Bohadana Abraham, Rokach Ariel, Wild Pascal, Kotek Ofir, Shuali Chen-Chen, Azulai Hava, Izbicki Gabriel
Respiratory Research Unit, Pulmonary Institute, Department of Medicine, Shaare Zedek Medical Center and Faculty of Medicine, Hebrew University of Jerusalem, Jerusalem, Israel.
PW Statistical Consulting, Laxou, France.
Chronic Obstr Pulm Dis. 2023 Jul 26;10(3):248-258. doi: 10.15326/jcopdf.2022.0368.
Chronic obstructive pulmonary disease (COPD) case-finding aims to detect airflow obstruction in symptomatic smokers and ex-smokers. We used a clinical algorithm including smoking, symptoms, and spirometry to classify smokers into COPD risk phenotypes.
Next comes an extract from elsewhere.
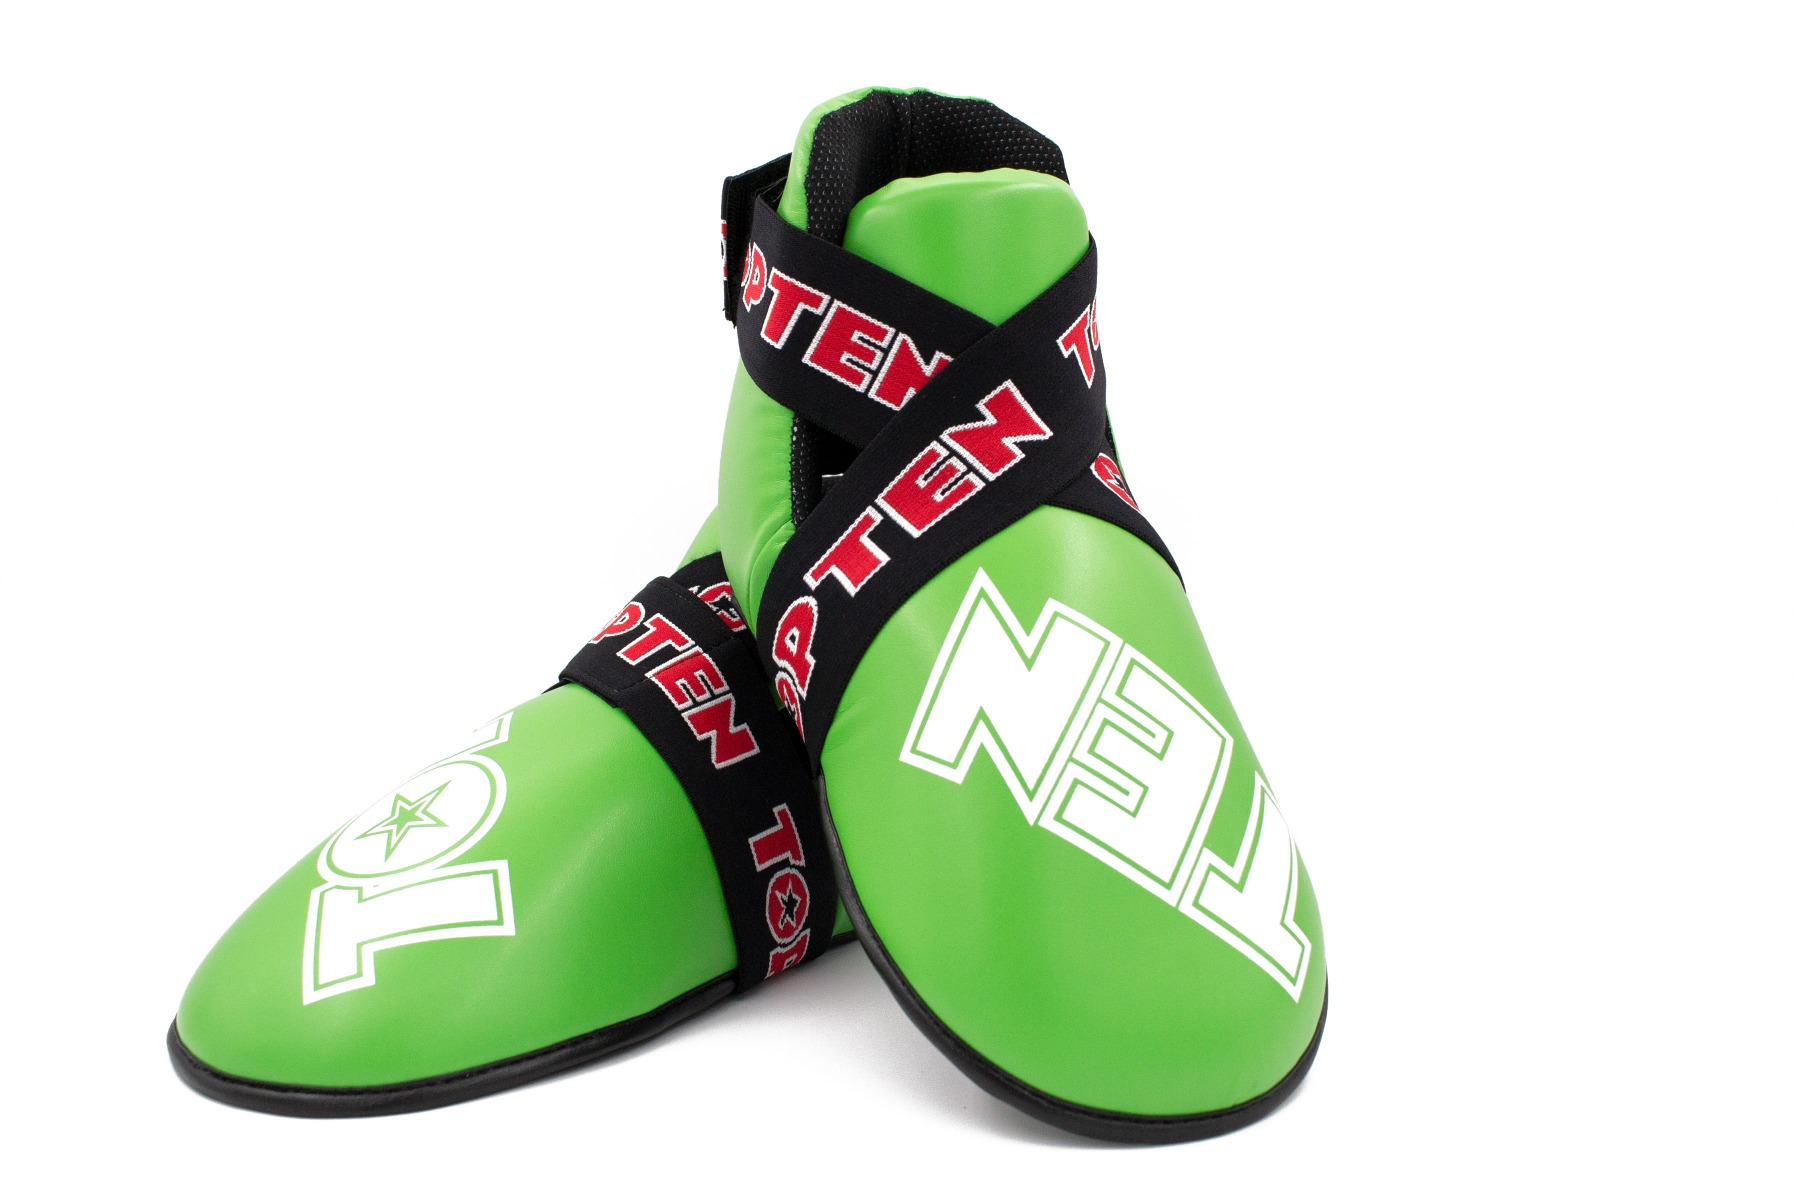 Kicks Superlight Grün
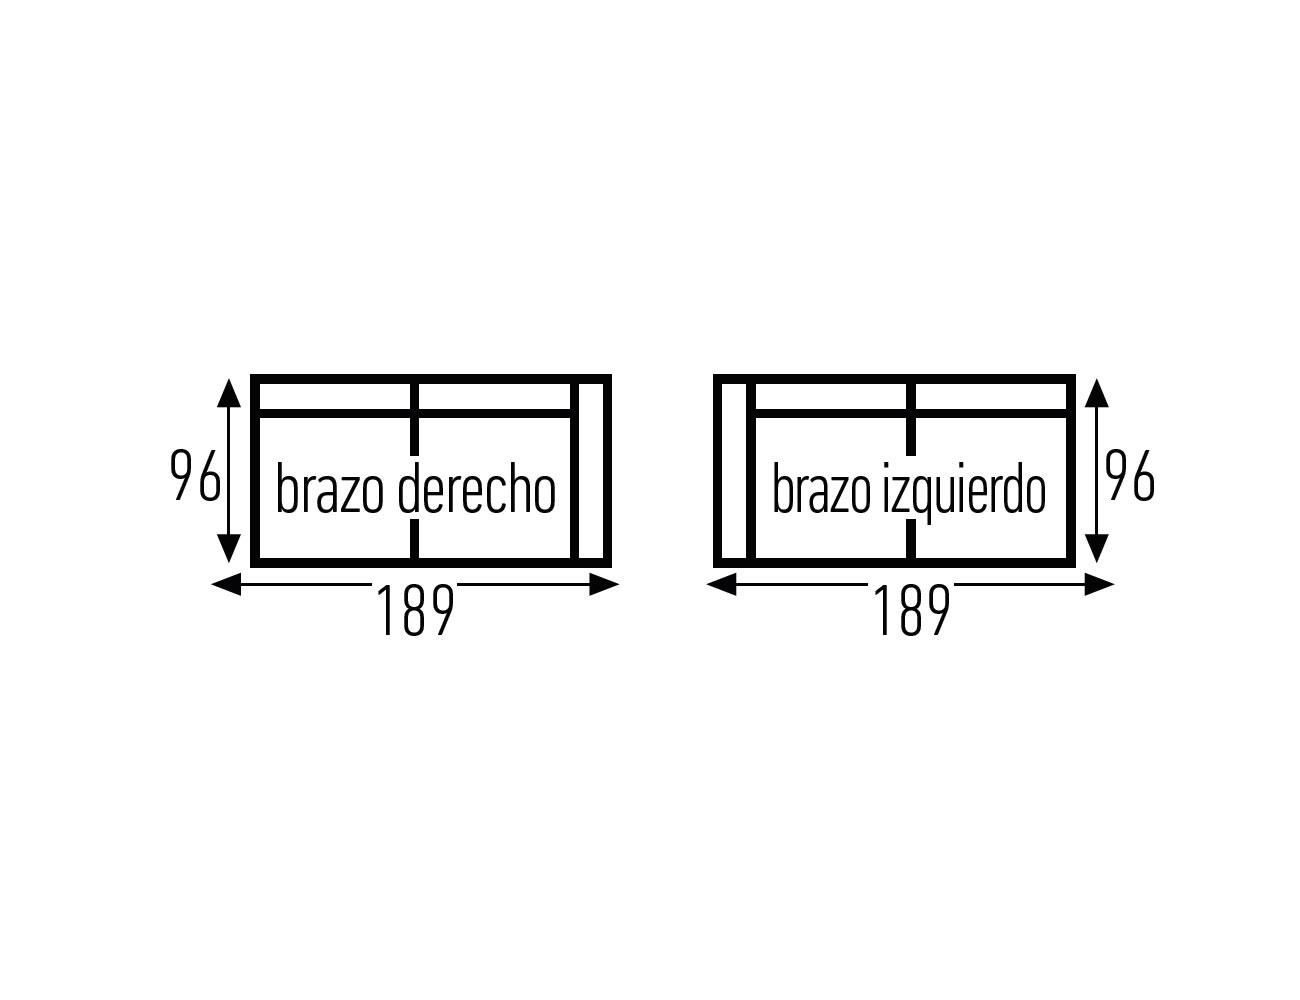 Croquis 3p sin 1 brazo 18915

In addition, we evaluated the acceptability and effectiveness of including smoking cessation advice in the case-finding intervention.
Smoking, symptoms, and spirometry abnormalities (airflow obstruction: forced expiratory volume in 1 second [FEV] to forced vital capacity [FVC] <0.7 or preserved-ratio spirometry (FEV<80% of predicted value and FEV/FVC ratio ≥ 0.7)] were assessed in a group of 864 smokers aged ≥ 30 years. The combination of these parameters allowed the identification of 4 phenotypes: Phenotype A (no symptoms, normal spirometry; reference), Phenotype B (symptoms; normal spirometry; possible COPD), Phenotype C (no symptoms; abnormal spirometry; possible COPD), and Phenotype D (symptoms; abnormal spirometry; probable COPD). We assessed phenotype differences in clinical variables and modeled the trend from phenotype A to phenotype D. Smoking cessation advice based on spirometry was provided. Follow-up was done by telephone 3 months later.
Using smokers without symptoms or abnormal spirometry (phenotype A; n=212 [24.5%]) as a reference, smokers were classified into possible COPD (phenotype B;n=332 [38.4%]; and C: n=81 [9.4%]) and probable COPD (phenotype D: n=239 [27.2%]). The trend from baseline phenotype A to probable COPD phenotype D was significant for the number of cigarettes/day and the number of years of smoking (=0.0001). At follow-up, 58 (7.7%) of the respondents (n=749) reported that they had quit smoking.
Our clinical algorithm allowed us to classify smokers into COPD phenotypes whose manifestations were associated with smoking intensity and to significantly increase the number of smokers screened for COPD. Smoking cessation advice was well accepted, resulting in a low but clinically significant quit rate.
慢性阻塞性肺疾病(COPD)病例发现旨在检测有症状的吸烟者和已戒烟者中的气流阻塞情况。我们使用了一种包括吸烟情况、症状和肺功能测定的临床算法,将吸烟者分类为COPD风险表型。此外,我们评估了在病例发现干预中纳入戒烟建议的可接受性和有效性。
对一组864名年龄≥30岁的吸烟者评估吸烟情况、症状和肺功能测定异常(气流阻塞:第1秒用力呼气容积[FEV]与用力肺活量[FVC]之比<0.7或肺功能比值正常[FEV<预测值的80%且FEV/FVC比值≥0.7])。这些参数的组合可识别出4种表型:表型A(无症状,肺功能正常;参照)、表型B(有症状;肺功能正常;可能为COPD)、表型C(无症状;肺功能异常;可能为COPD)和表型D(有症状;肺功能异常;很可能为COPD)。我们评估了临床变量中的表型差异,并模拟了从表型A到表型D的趋势。提供了基于肺功能测定的戒烟建议。3个月后通过电话进行随访。
以无症状或肺功能正常的吸烟者(表型A;n = 212[24.5%])为参照,吸烟者被分类为可能患有COPD(表型B;n = 332[38.4%];以及表型C:n = 81[9.4%])和很可能患有COPD(表型D:n = 239[27.2%])。从基线表型A到很可能患有COPD的表型D,每天吸烟支数和吸烟年数的变化趋势具有显著性(P = 0.0001)。在随访时,749名受访者中有58名(7.7%)报告称已戒烟。
我们的临床算法使我们能够将吸烟者分类为COPD表型,其表现与吸烟强度相关,并显著增加了接受COPD筛查的吸烟者数量。戒烟建议得到了很好的接受,戒烟率虽低但具有临床意义。